In all three cases, we have the problem of: divide and conquer (the Big Uns surreptitious way to win), where only those who can afford the individualized alternative get the good/service. The earliest example, in recent history, was White Flight in the 1960s. Suburban communities morphed into wealth by denying the common good; one might even see this as the continuation of Manifest Destiny (a stretch, but not by much). Many Christian schools are rooted in such communities; they don't get the irony, of course.

Now, I'm not a fan of The Power Grid, and never was. The first great blackout happened when I was a child, and I lived in it. To my surprise, the wiki piece does mention the point germane to this missive: Holyoke, an abutting town, had its own standalone powerplant (you can see it from Route 5 or I-91) and got along just fine. The justification for The Grid is load/demand balancing across time/space. I'm not sure of the physics, but transmission loss is not insignificant (the Bloom Energy piece states that avoiding said loss is a meaningful part the advantage).
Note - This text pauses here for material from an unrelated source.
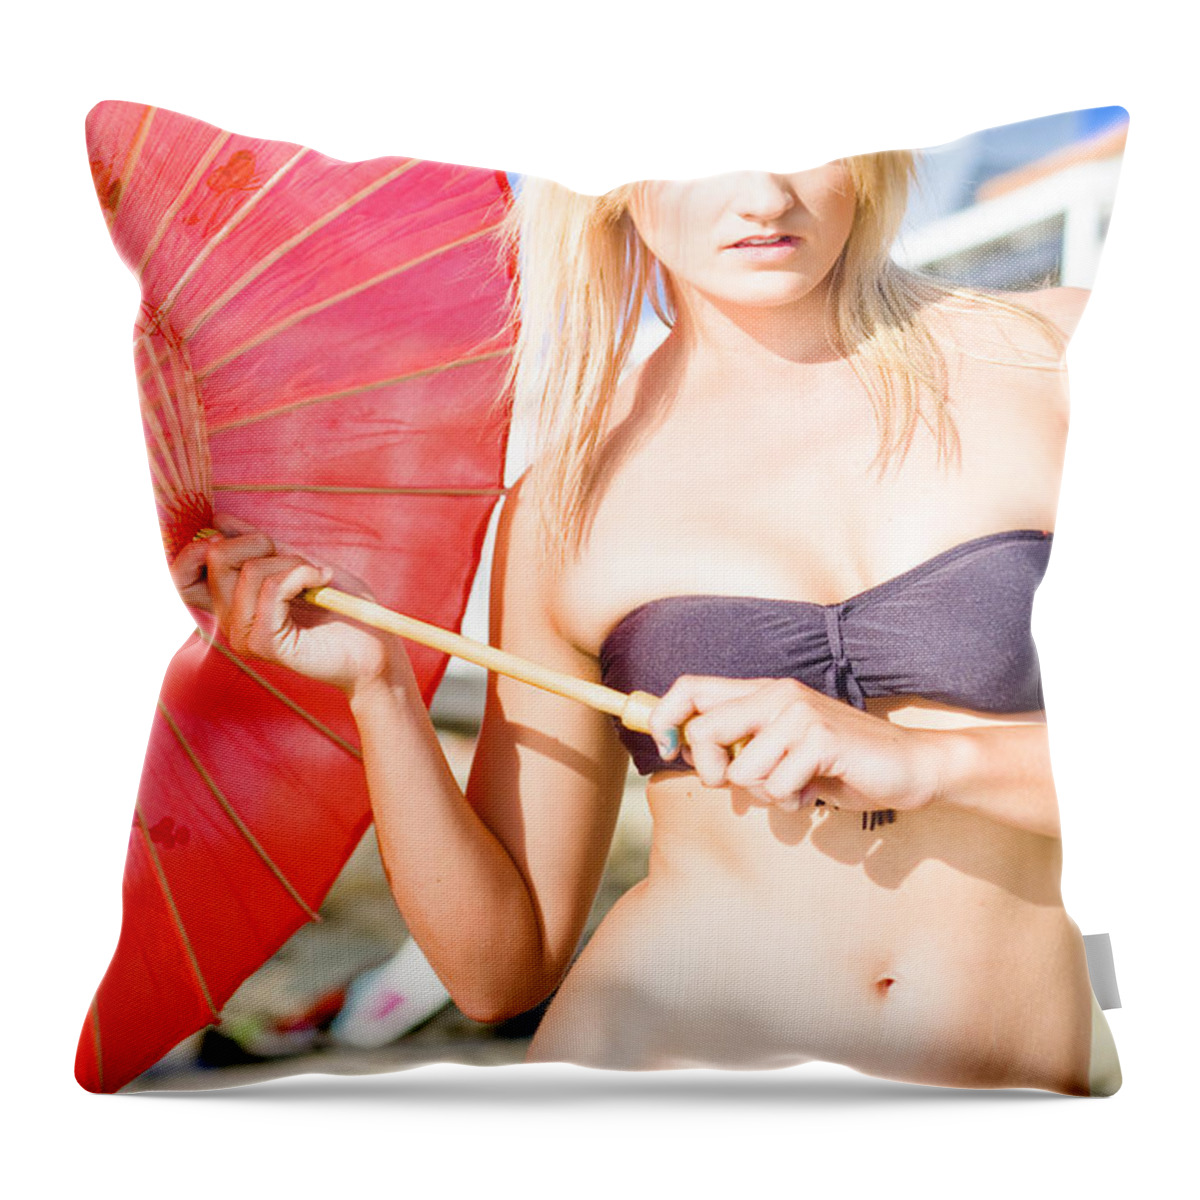 Bikini Throw Pillow featuring the photograph Protection From The Sun by Jorgo Photography
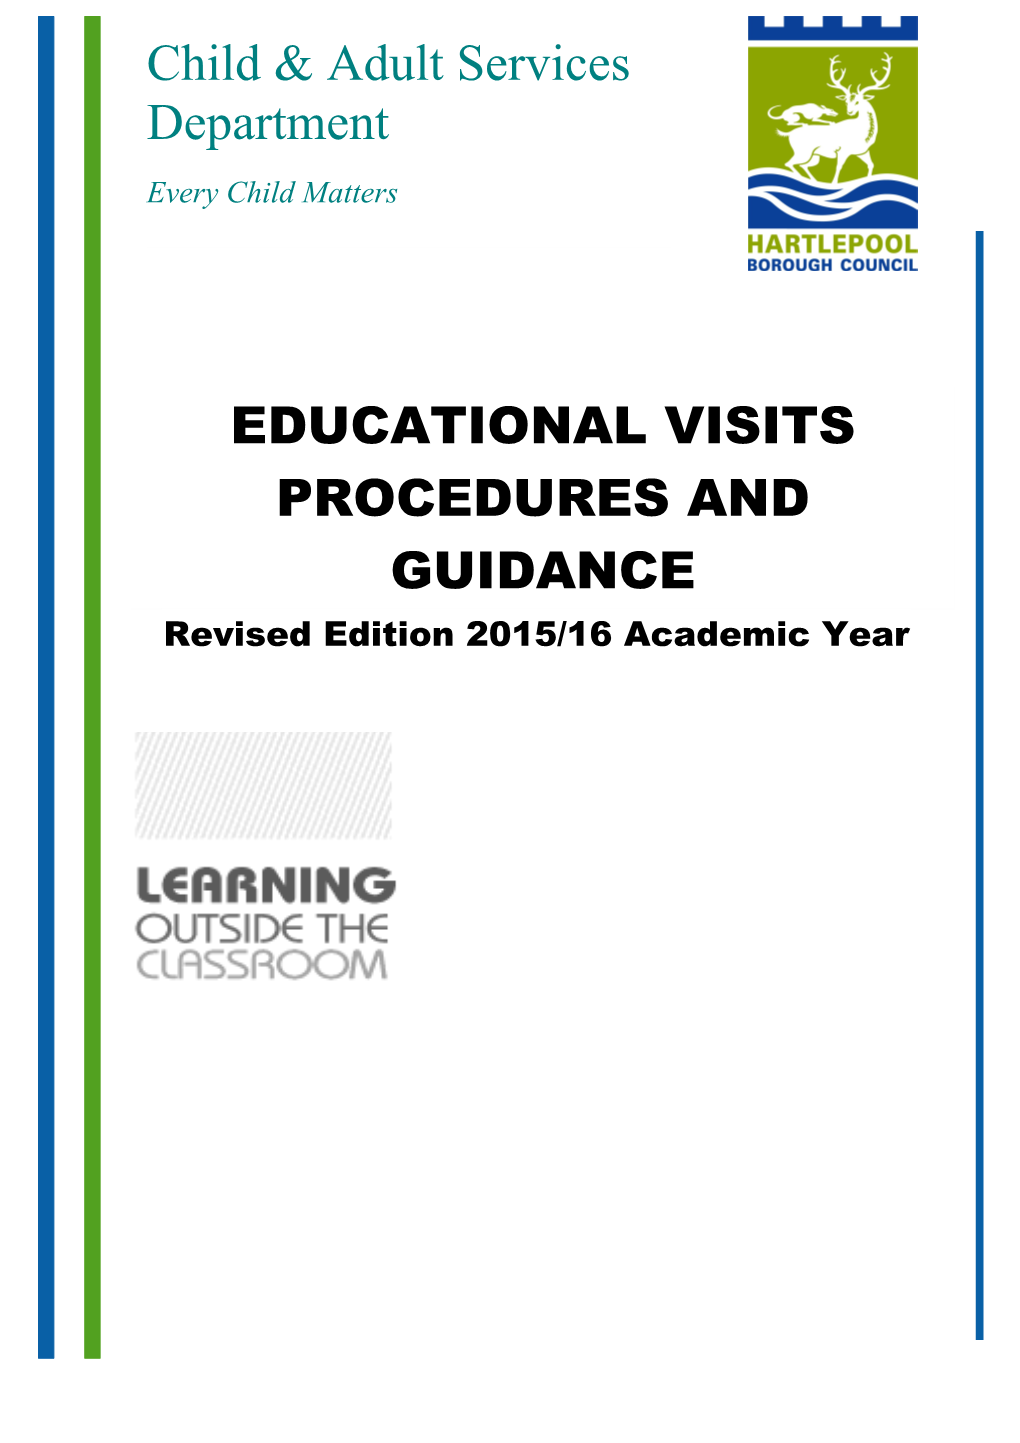 Educational Visits and Guidance

So far as Your Good Mother is concerned: what should be the unit of community where externalities exist? For power, it would seem to be the community (city/town). Holyoke wasn't, and isn't, like the Hamptons with hordes of upper-middle class folks fleeing the hoi polloi. Mostly hoi polloi, in fact.

One could even extend a power grid analysis to the au courant meme: The Cloud. I'll leave that as an exercise to The Reader.